In Japan Shinzo Abe is back in, Czech Republic has taken a step to the right, Catalonian crisis is back in the headline (if it were ever out in the past few weeks), China unemployment hits a low and even an almost political edge from Janet Yellen on Friday evening has given us food for thought to open trading for this week. The success of the LDP Party helped the Nikkei make two decade highs by adding another 1% today, which continues to look strong, but remember to be wary of the currency (seen late today closing-in on the 114 handle), especially with Abe now in a stronger position and BOJ at month end. The Nikkei has gained 8% in three months. A$ has seen no support and now drifts through the 0.78 level. Late in US trading day we watched a weak close which saw the Yen gain a bid trading close to the 113 handle.

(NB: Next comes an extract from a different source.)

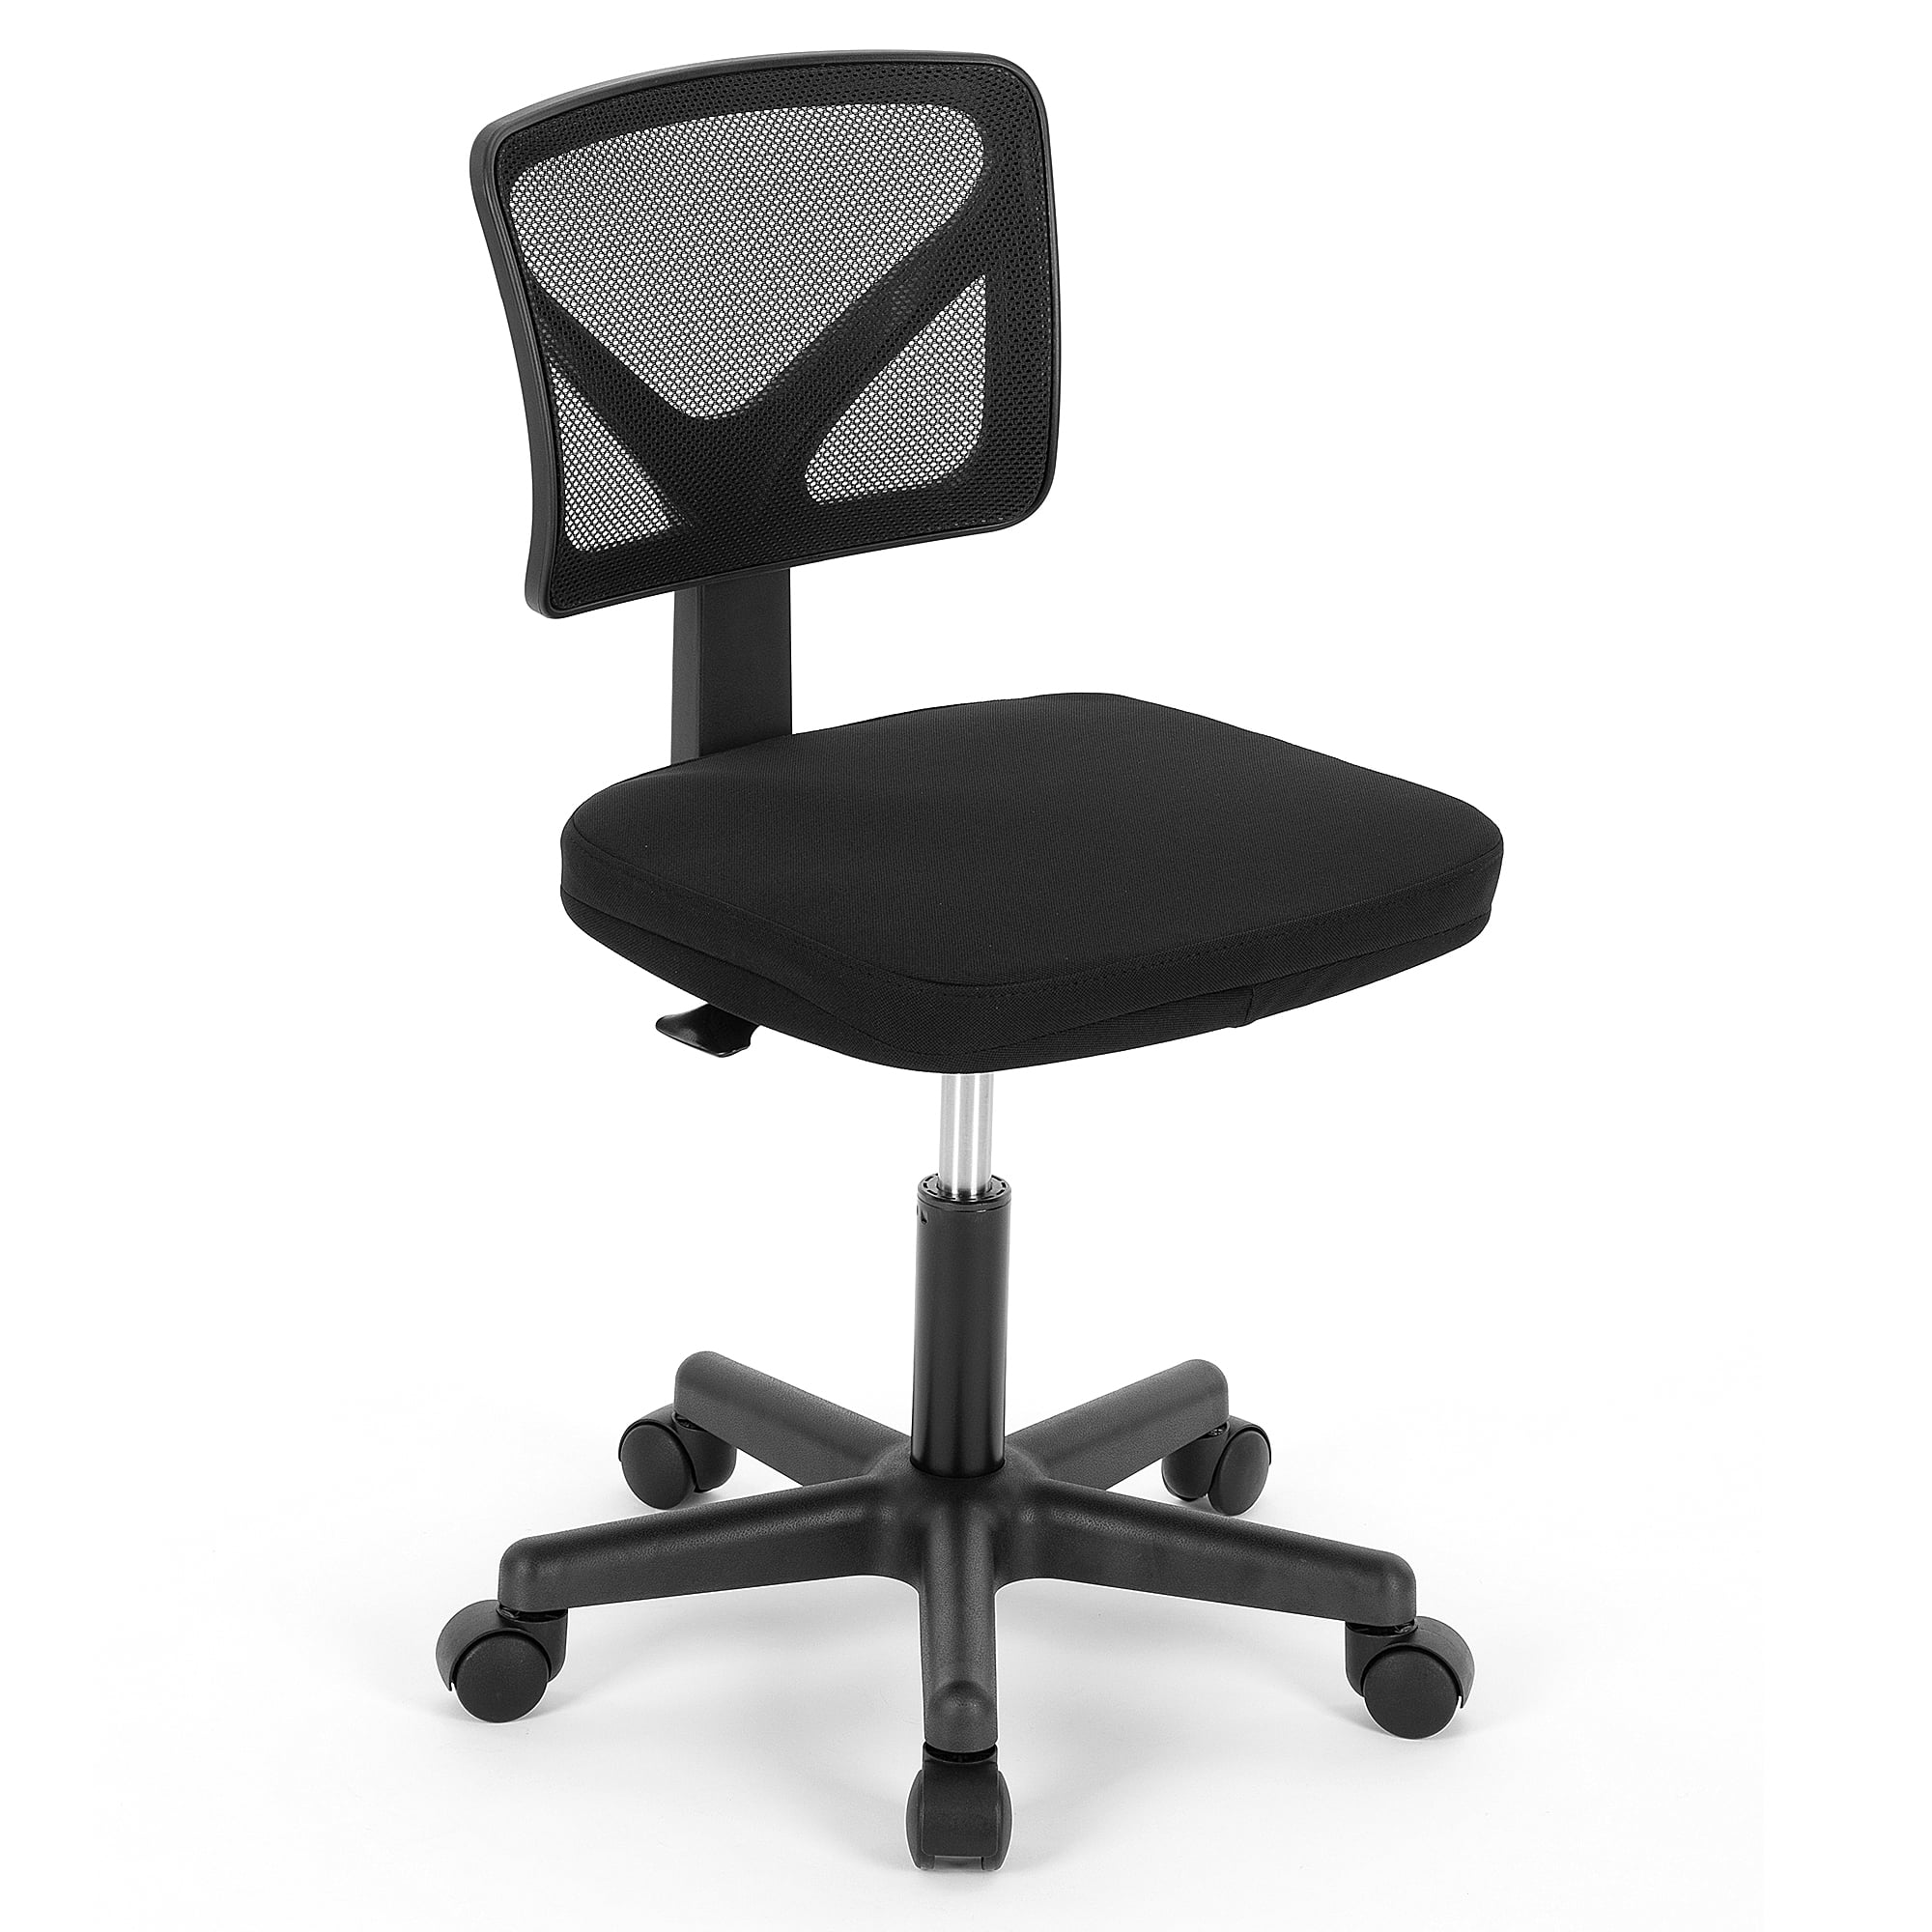 Steelcase Uno Conference Chair - Black
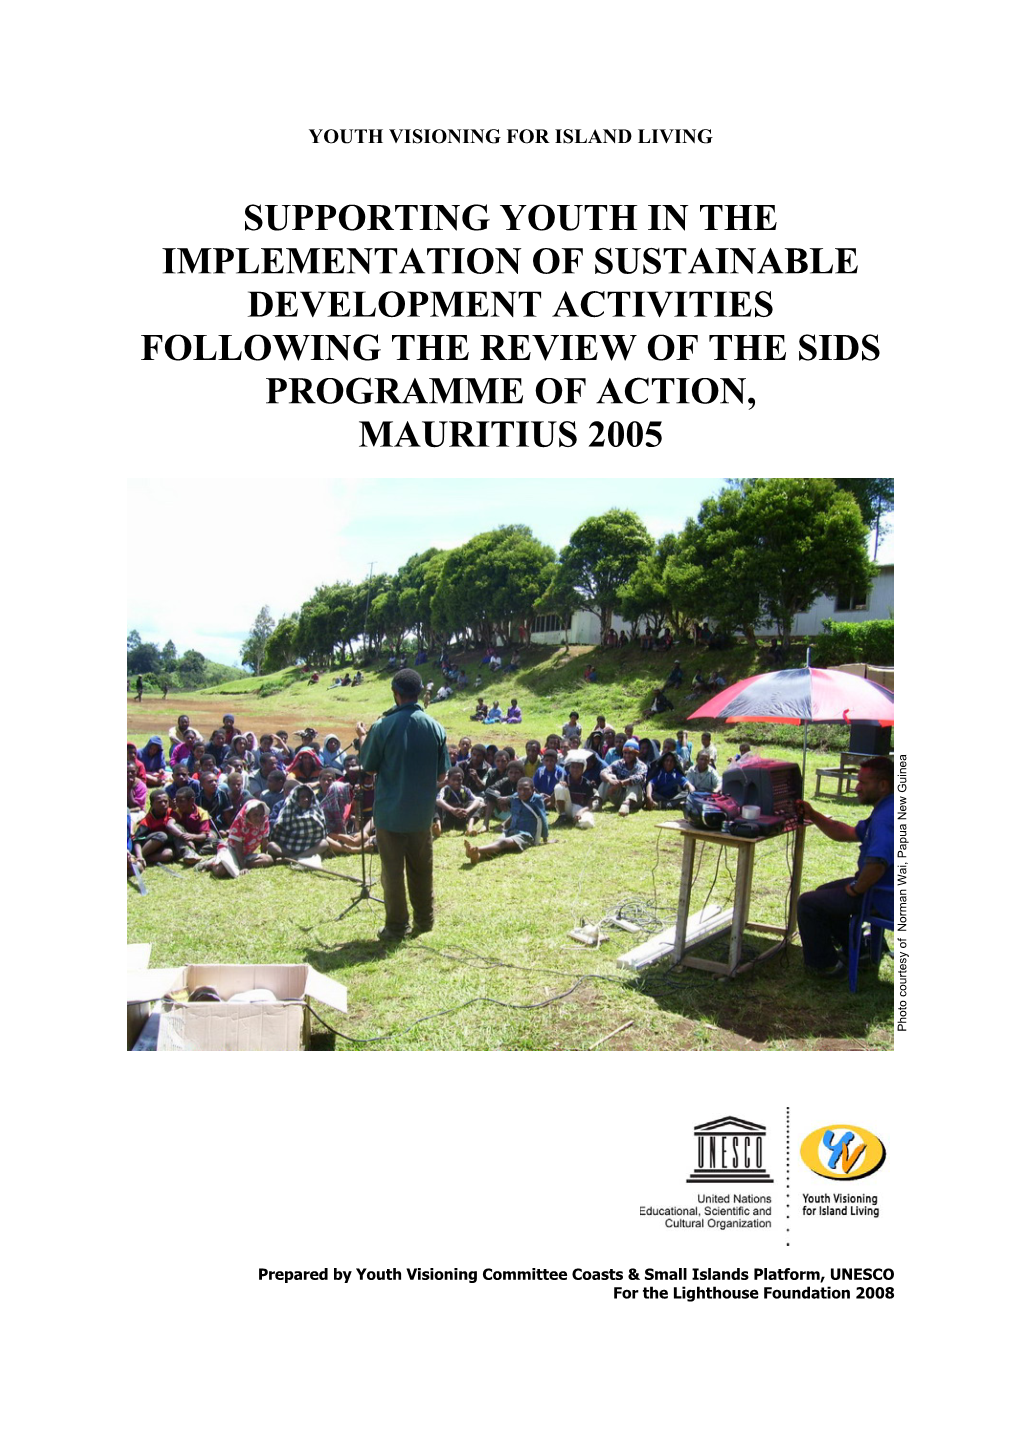 Supporting Youth in the Implementation of Sustainable Development Activities Following the Review of the Sids Programme of Action, Mauritius 2005

Spain’s IBEX suffered from the opening with continued political uncertainty and resulted in a -0.7% decline on the day, which even hit Portugal’s index that closed down -0.3%. Core Europe watched Asian strength and that helped confidence with positive closes for DAX, CAC and FTSE. It could be an exciting week as we approach the ECB meeting on Thursday. The key many will be listening for is guidance surrounding QE and any expectation of reducing participation in the peripheral bond market. Interesting that although core indices closed better, we still saw weakness in some of the European financials with BBVA, Banco Santander, Deutsche Bank and Commerzbank all down around 1.5% on the day, worth monitoring the difference with US banks. The Euro also saw pressure against the USD losing -0.5%.

US Q3 GDP later this week will be a major focal point especially for the Tech industry with many of them releasing results after hours Thursday. GE had another volatile day after Fridays fun and games. Having traded down over 7% on Friday, the stock did manage a positive close, but that was not to be the case today with a 6.5% decline taking the YTD decline of close to -24% and eventually had a negative effect on the DOW on rumours of a dividend cut. We have just opened a huge earnings week with 172 companies in the S+P to reporting over the next few days. It should not really be a surprise therefore, that record morning highs for the S+P, NASDAQ and DOW were all rejected by the close, in anticipation of eventual profit-taking. The final hour of trading looked heavy with all sectors being hit into the close led by the Russell -0.8% and NASDAQ -0.7%. As stocks drifted so we saw a revived bid for gold. Not really that much but was obvious the safety bid did play a role. Given this uncertainty treasuries found a bid with a 1bp parallel decline across the curve.

2’s closed 1.57% (-1bp), 10’s 2.37% (-1bp), 30’s 2.88% (-1bp), Bunds 0.43% (-2bp), France 0.83% (-3bp), Italy 1.99% (-4bp), Greece 5.47% (+1bp), Turkey 11.30% (+3bp), Portugal 2.26% (-1bp), Spain 1.61% (-4bp), Gilts 1.31% (-2bp).